(About this task) The reply should reproduce every line of the data below word for word, minus any images.

(Information provided)
####################
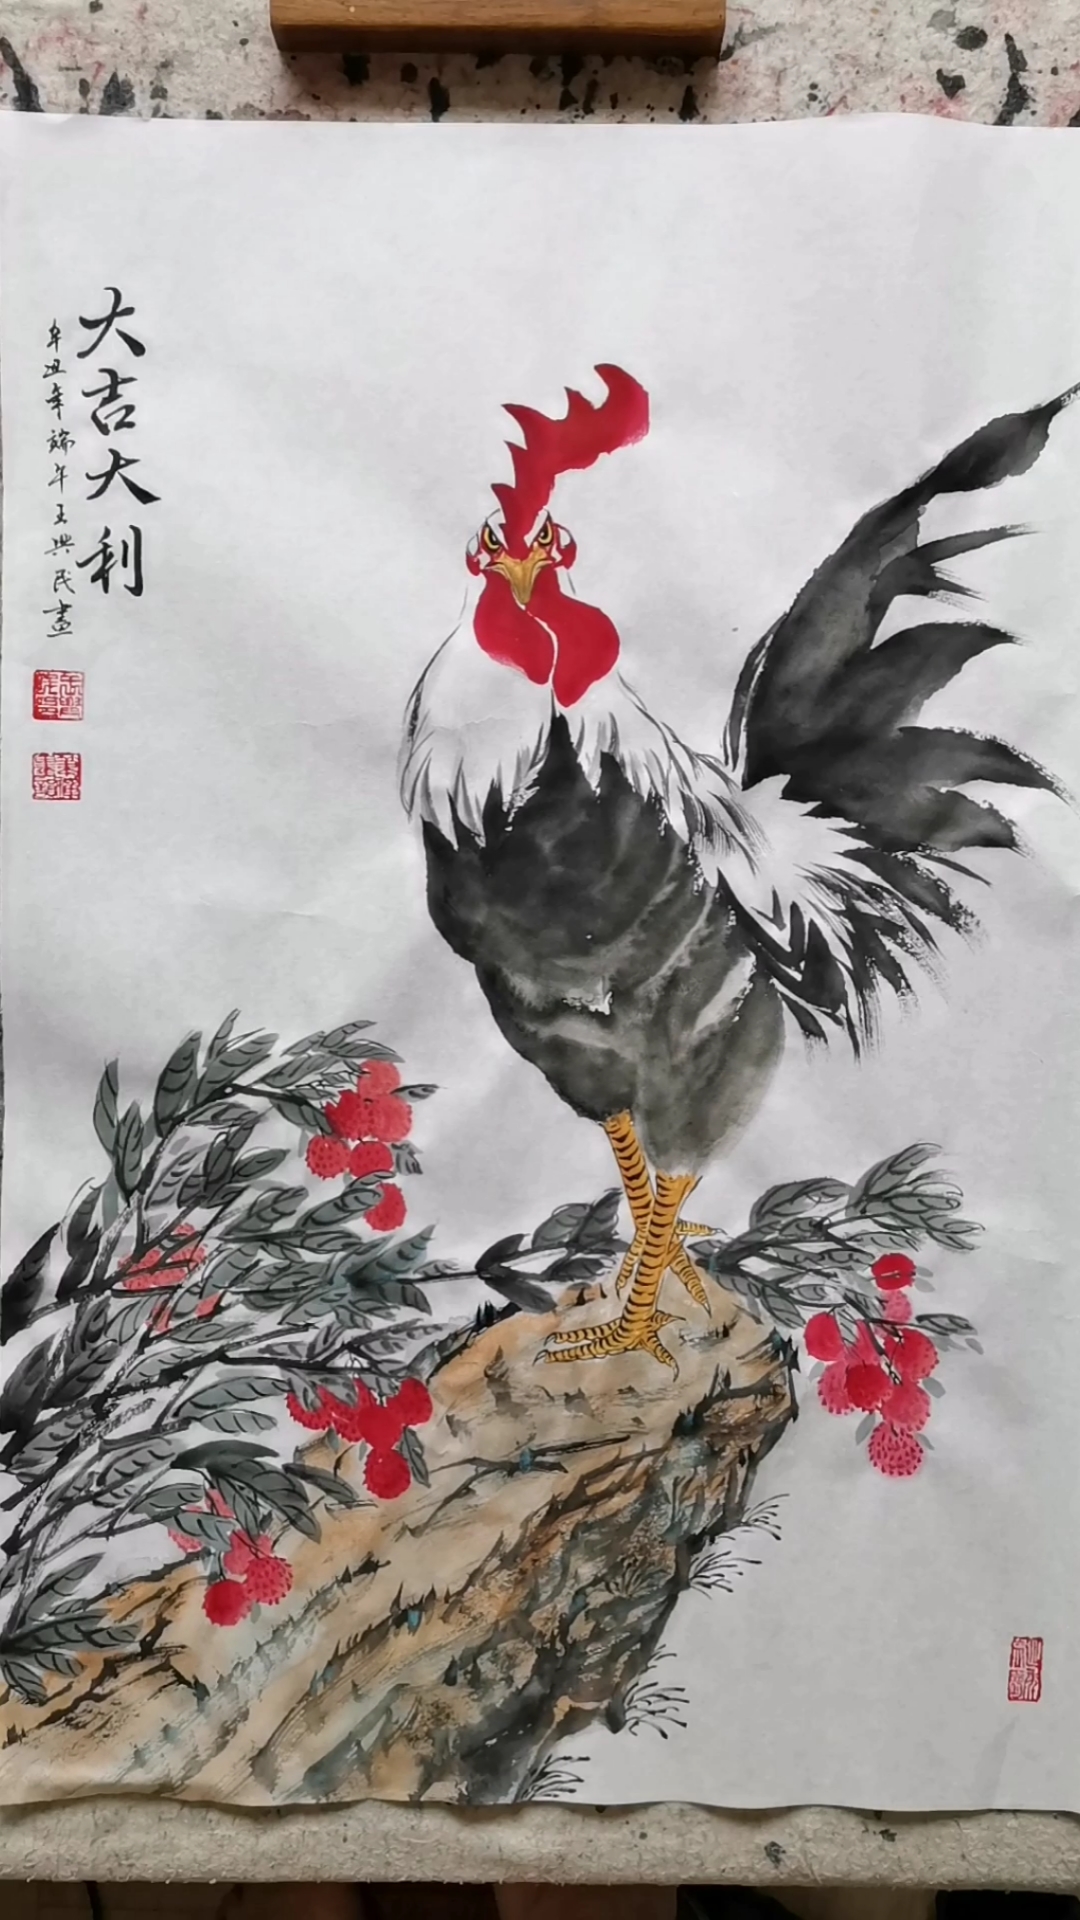 中国画#王兴民国画公鸡,祝大家端午快乐,吉祥安康!
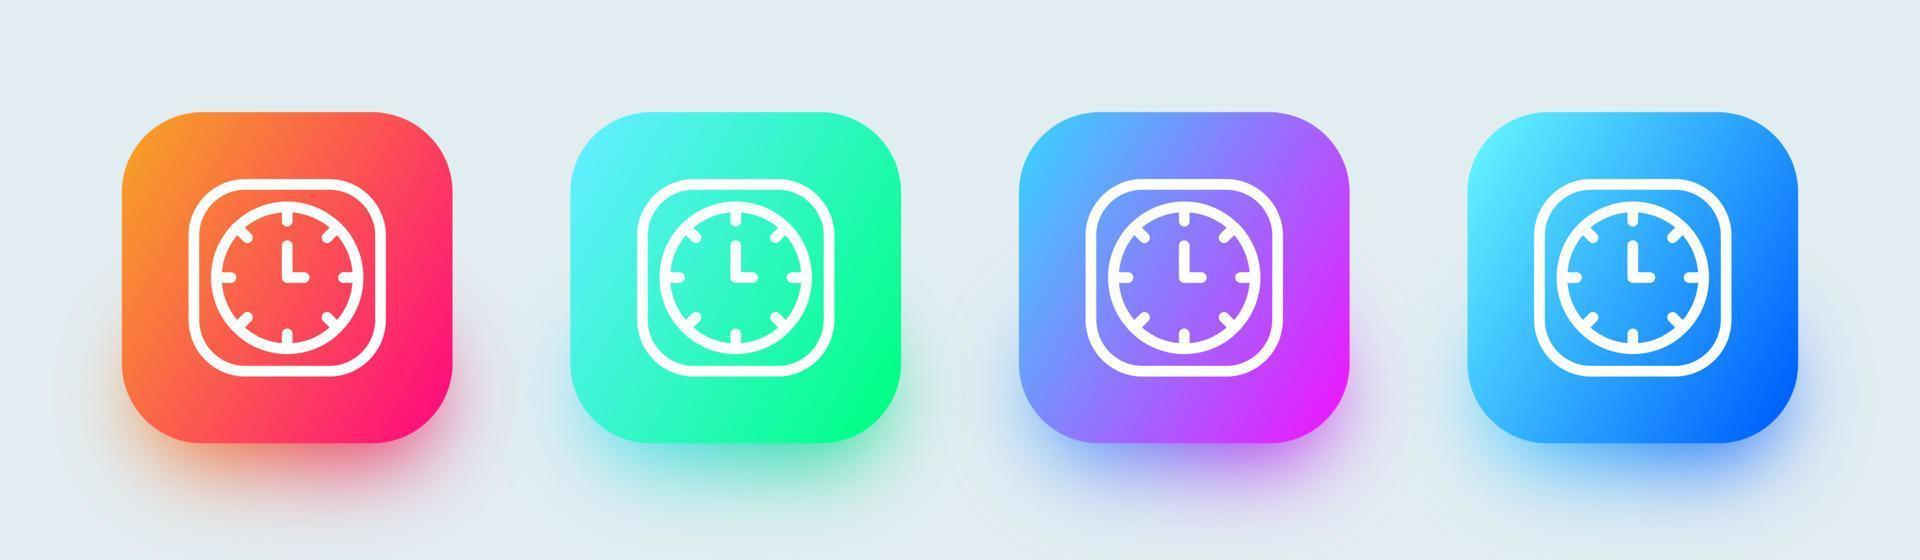 Uhrenliniensymbol in quadratischen Farbverläufen. Zeitzeichen-Vektor-Illustration vektor
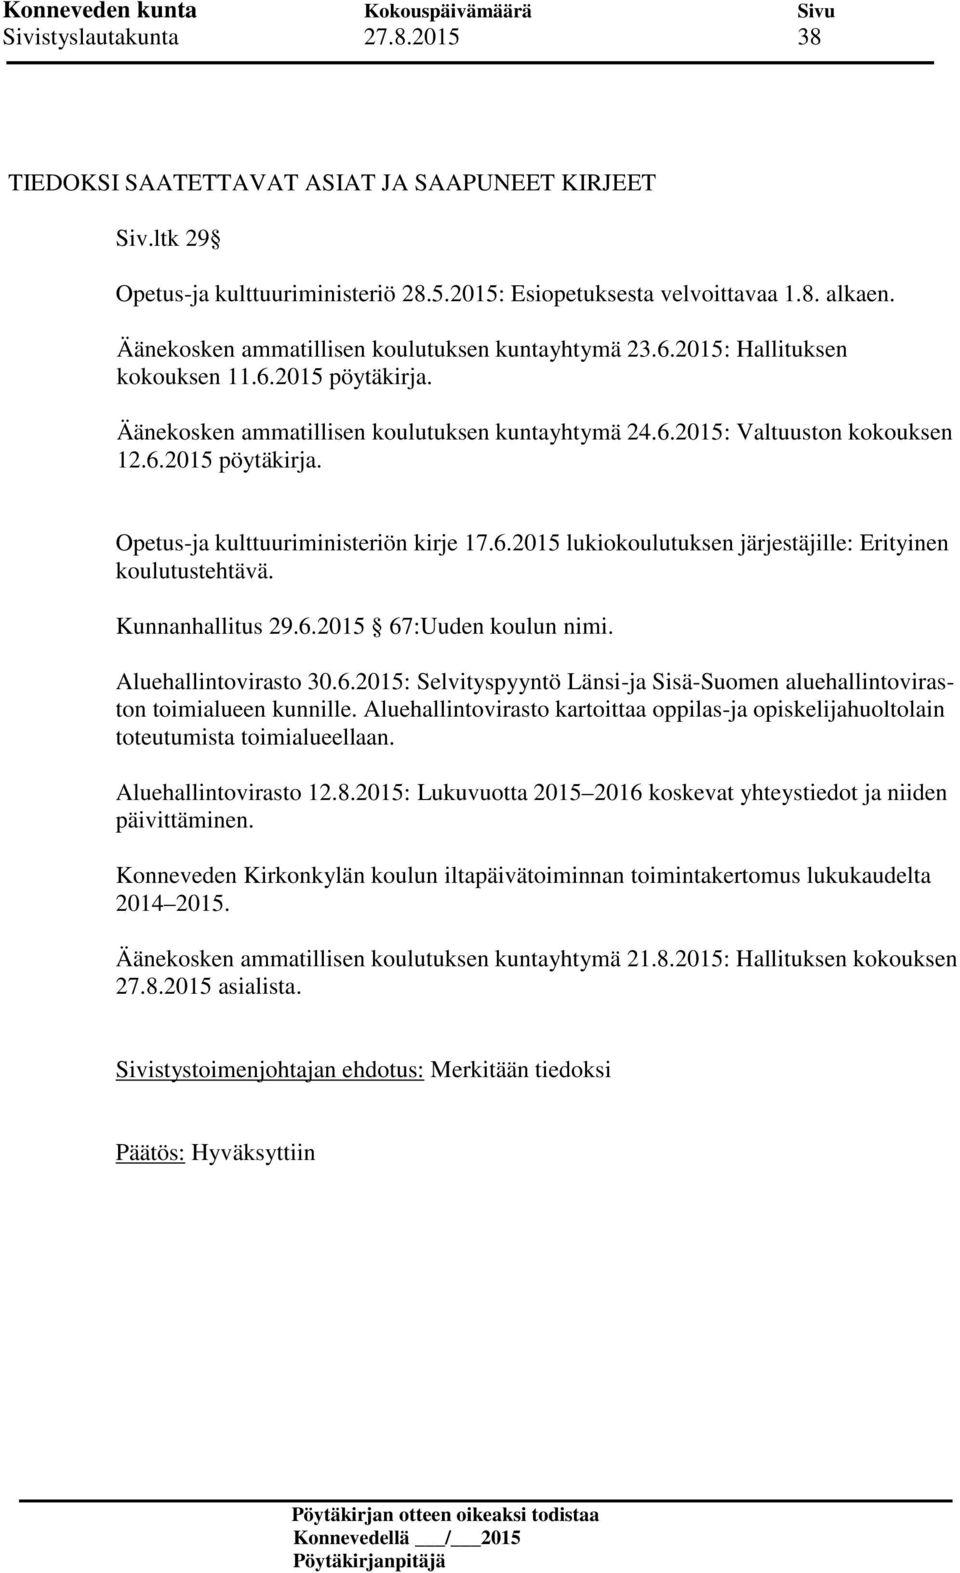 6.2015 lukiokoulutuksen järjestäjille: Erityinen koulutustehtävä. Kunnanhallitus 29.6.2015 67:Uuden koulun nimi. Aluehallintovirasto 30.6.2015: Selvityspyyntö Länsi-ja Sisä-Suomen aluehallintoviraston toimialueen kunnille.
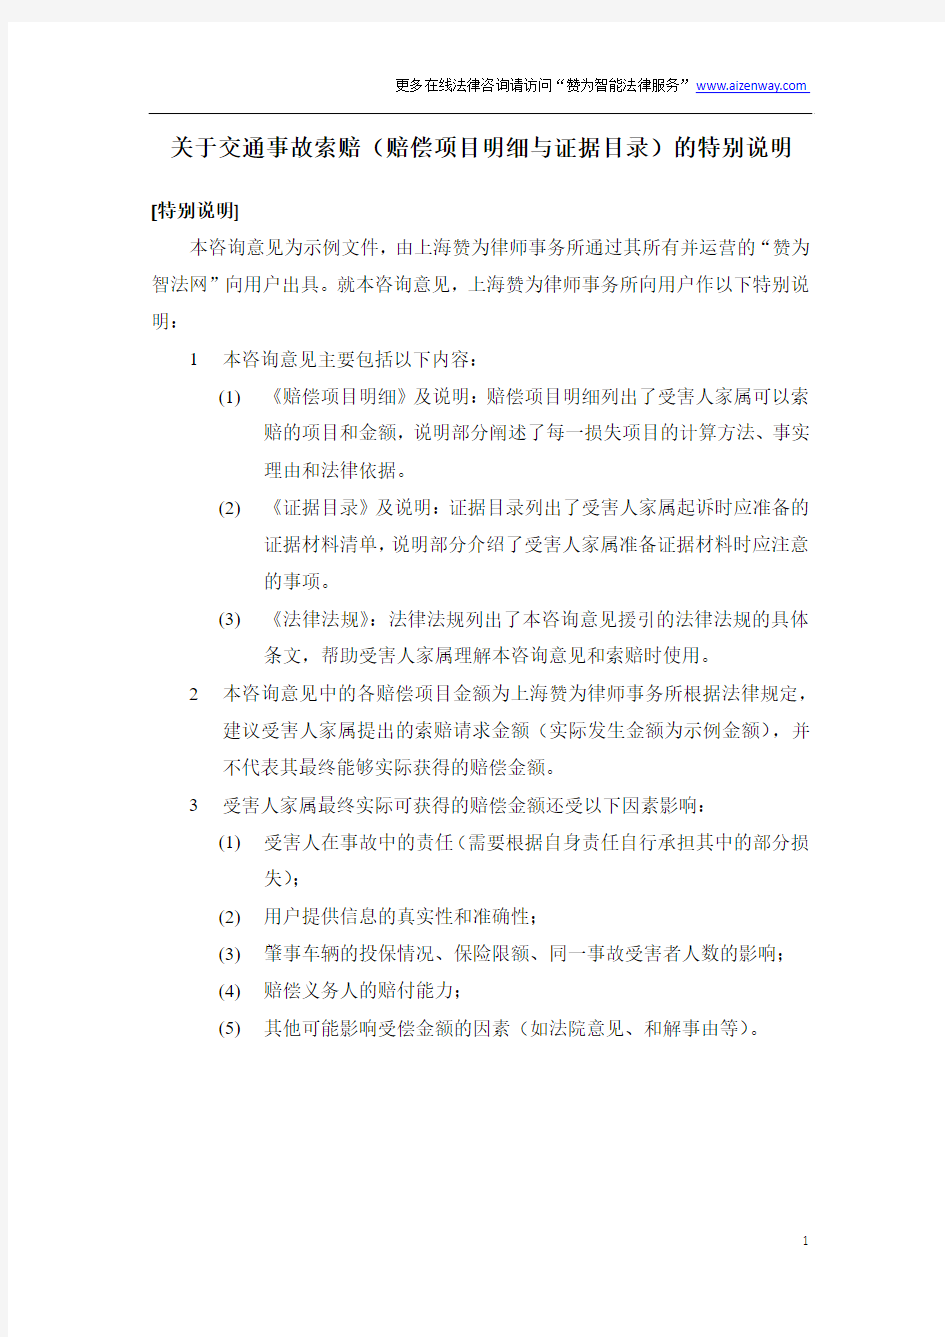 2015年河北省交通事故赔偿项目明细+证据目录+法律分析(城镇居民死亡示例)
####################
(Reply)
 中国画#王兴民国画公鸡,祝大家端午快乐,吉祥安康!
 Uhrenliniensymbol in quadratischen Farbverläufen. Zeitzeichen-Vektor-Illustration vektor
 6.2015 lukiokoulutuksen järjestäjille: Erityinen koulutustehtävä. Kunnanhallitus 29.6.2015 67:Uuden koulun nimi. Aluehallintovirasto 30.6.2015: Selvityspyyntö Länsi-ja Sisä-Suomen aluehallintoviraston toimialueen kunnille.
 2015年河北省交通事故赔偿项目明细+证据目录+法律分析(城镇居民死亡示例)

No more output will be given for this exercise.